RECORDS FOR THE EXERCISE:
◇ ◇ ◇

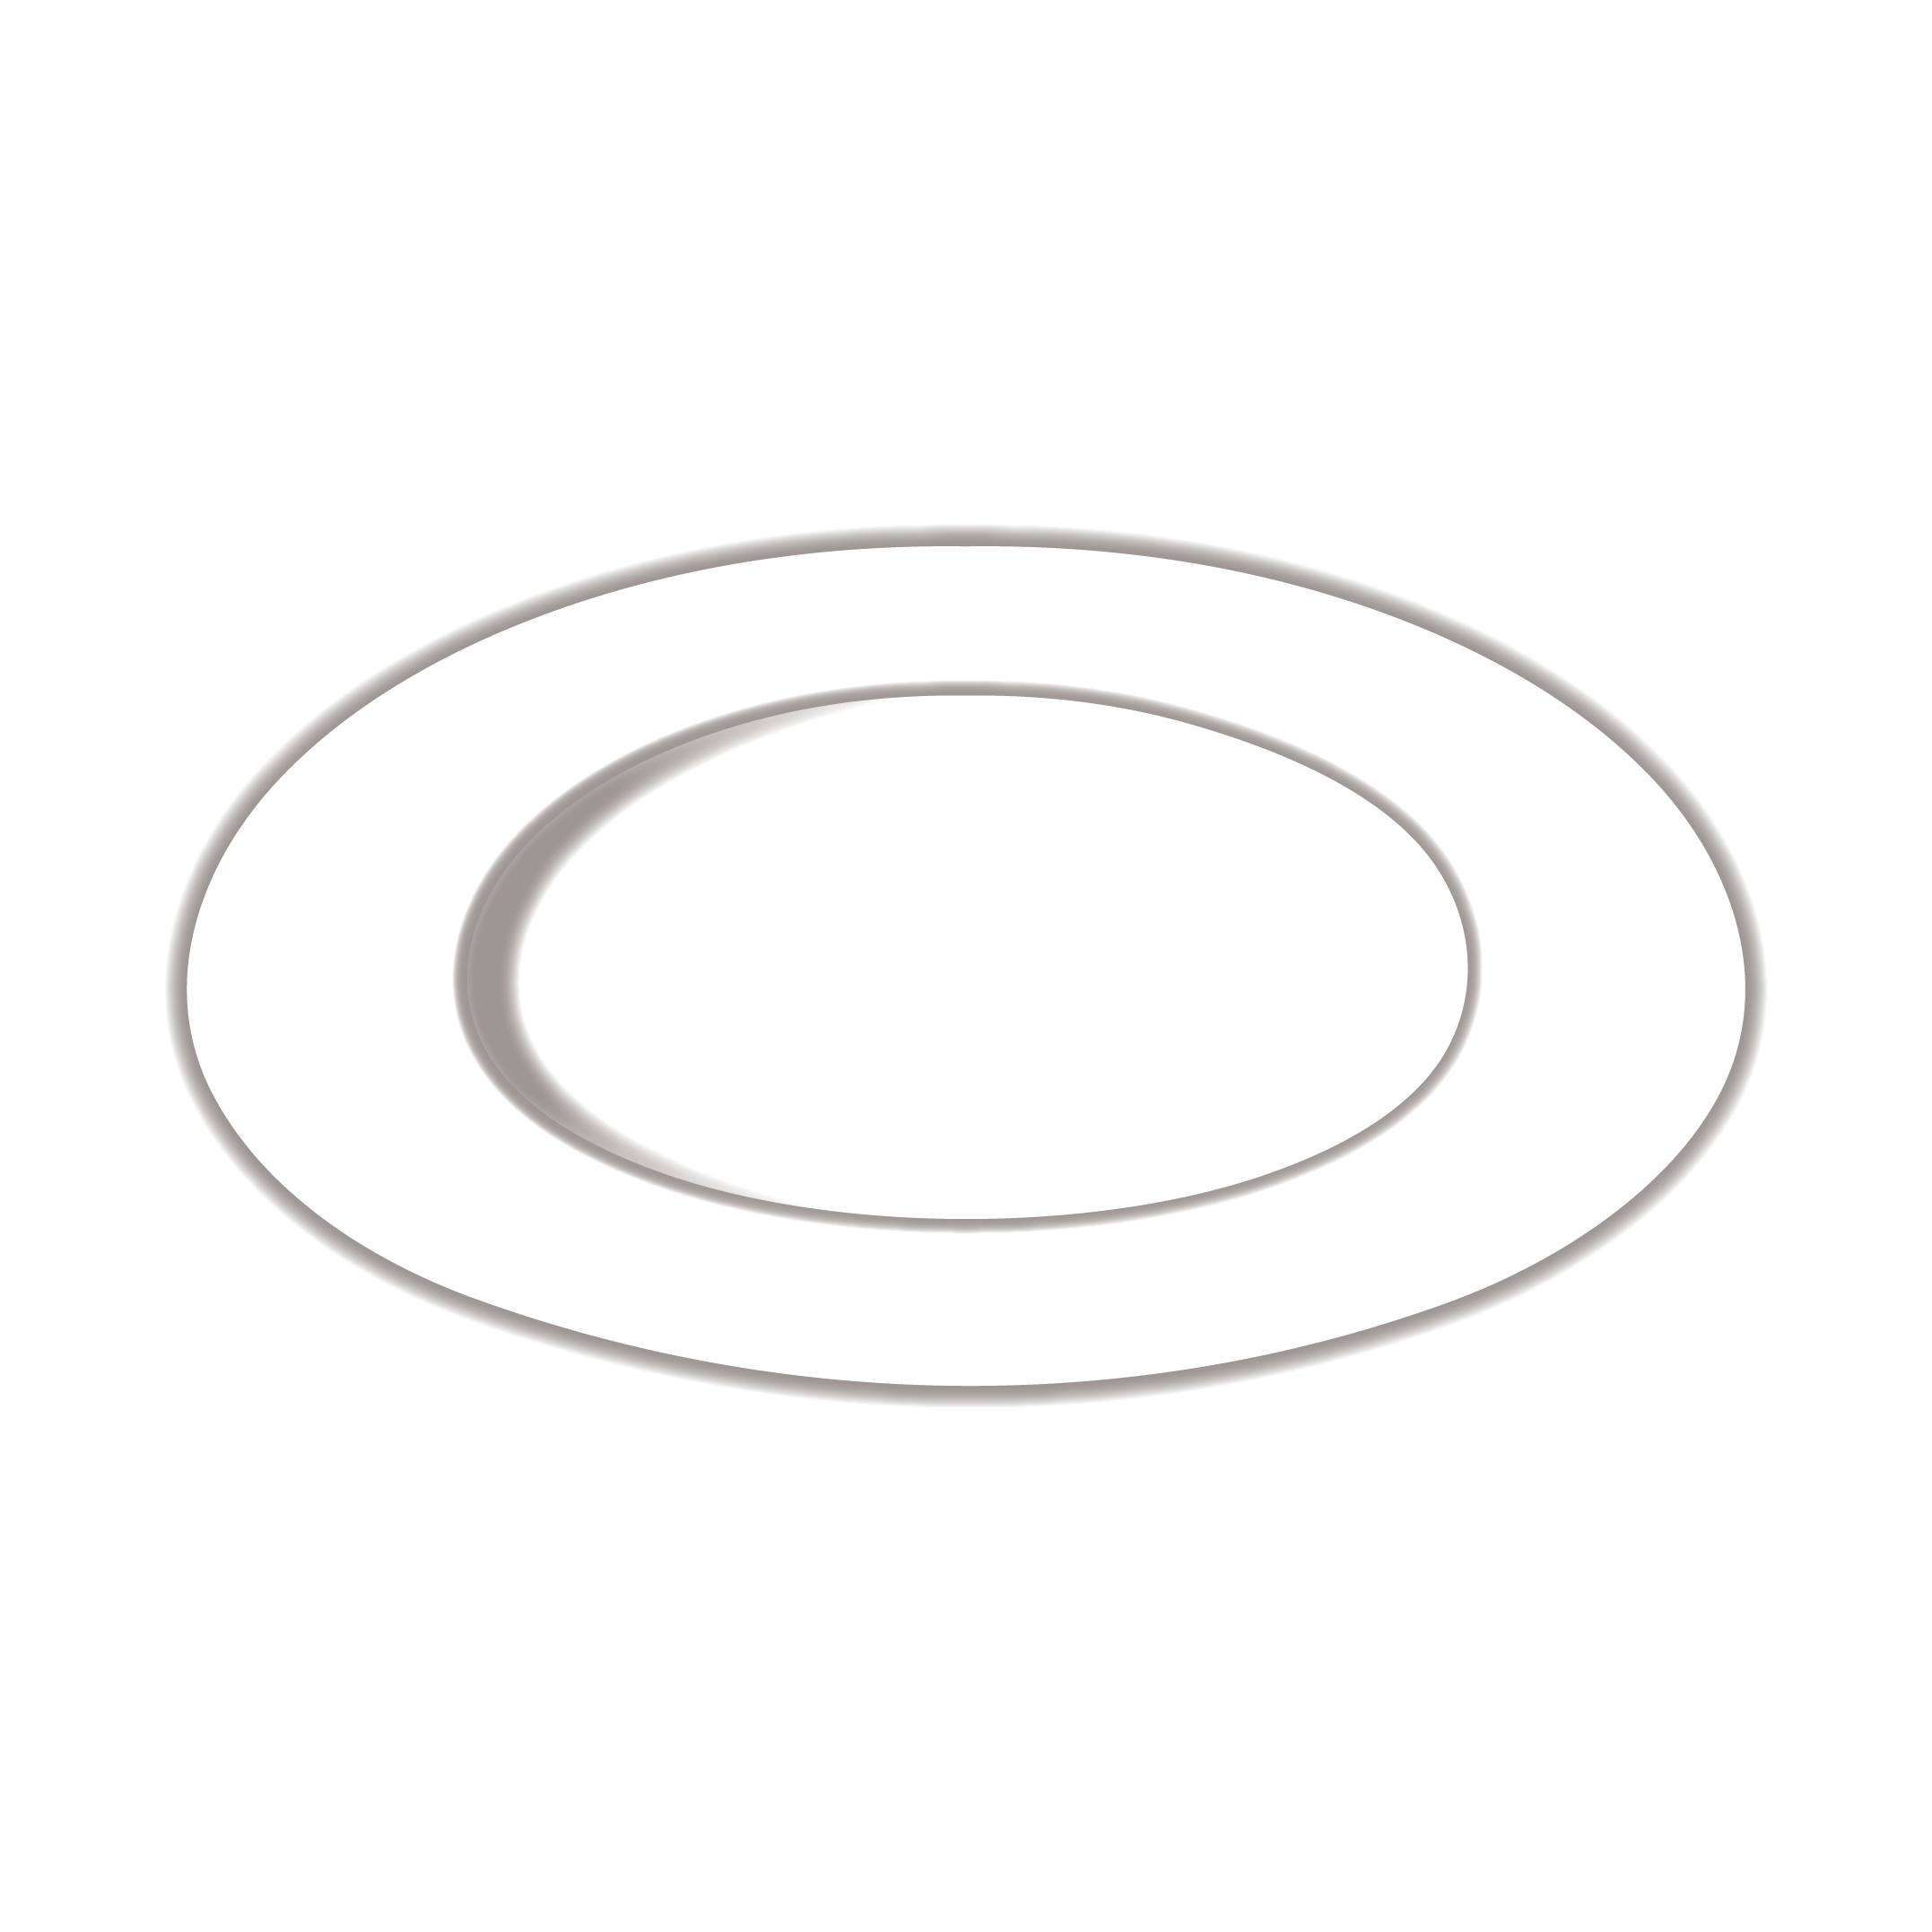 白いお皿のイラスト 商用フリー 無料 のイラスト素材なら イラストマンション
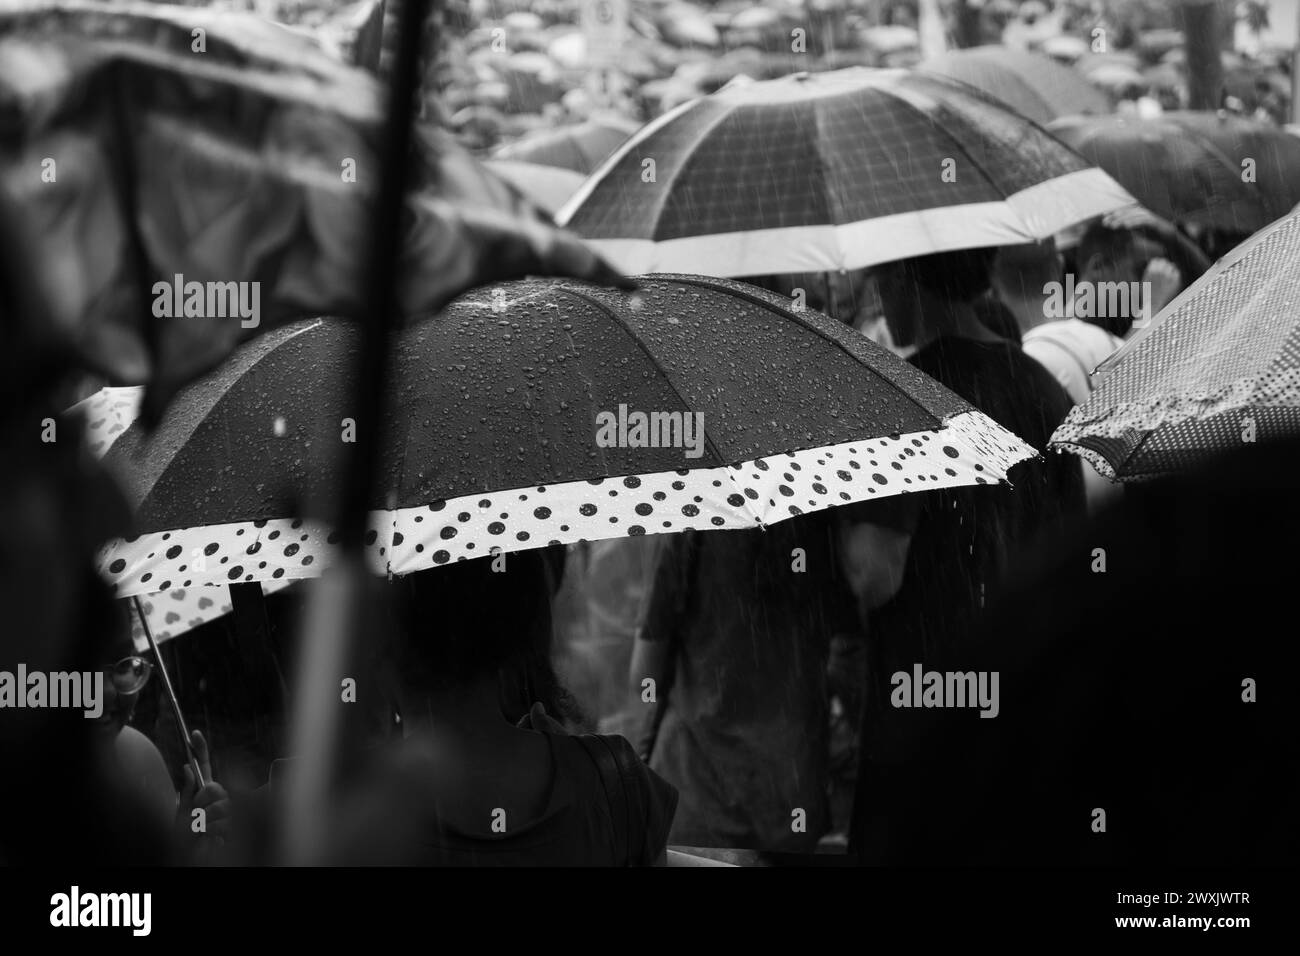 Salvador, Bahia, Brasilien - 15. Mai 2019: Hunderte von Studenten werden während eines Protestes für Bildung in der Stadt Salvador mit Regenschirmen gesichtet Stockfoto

◇ ◇ ◇

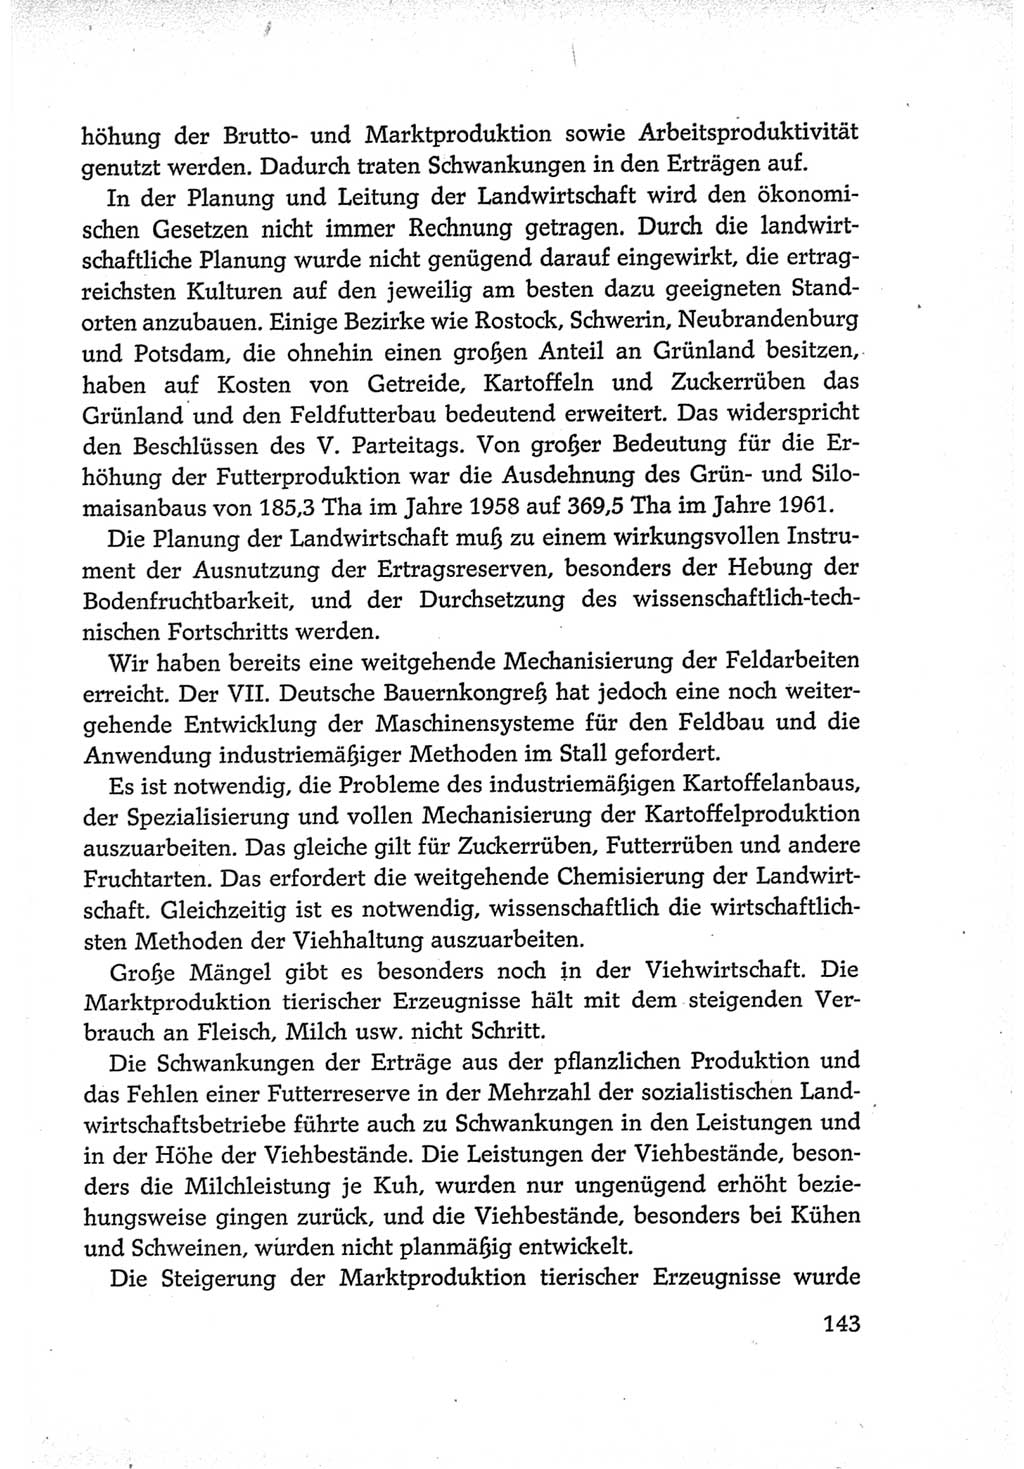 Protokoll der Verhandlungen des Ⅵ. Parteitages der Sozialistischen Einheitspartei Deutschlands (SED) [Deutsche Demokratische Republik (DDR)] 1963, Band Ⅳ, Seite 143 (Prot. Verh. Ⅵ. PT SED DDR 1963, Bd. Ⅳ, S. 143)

◇ ◇ ◇

PROBLEM TO WORK ON: Output only the stretch above from the line with "白いお皿のイラスト 商用フリー 無料 のイラスト素材なら イラストマンション" through the line with "Salvador, Bahia, Brasilien", reproduced exactly. Exclude pictures.

WRITTEN REPLY:
 白いお皿のイラスト 商用フリー 無料 のイラスト素材なら イラストマンション
 Salvador, Bahia, Brasilien - 15. Mai 2019: Hunderte von Studenten werden während eines Protestes für Bildung in der Stadt Salvador mit Regenschirmen gesichtet Stockfoto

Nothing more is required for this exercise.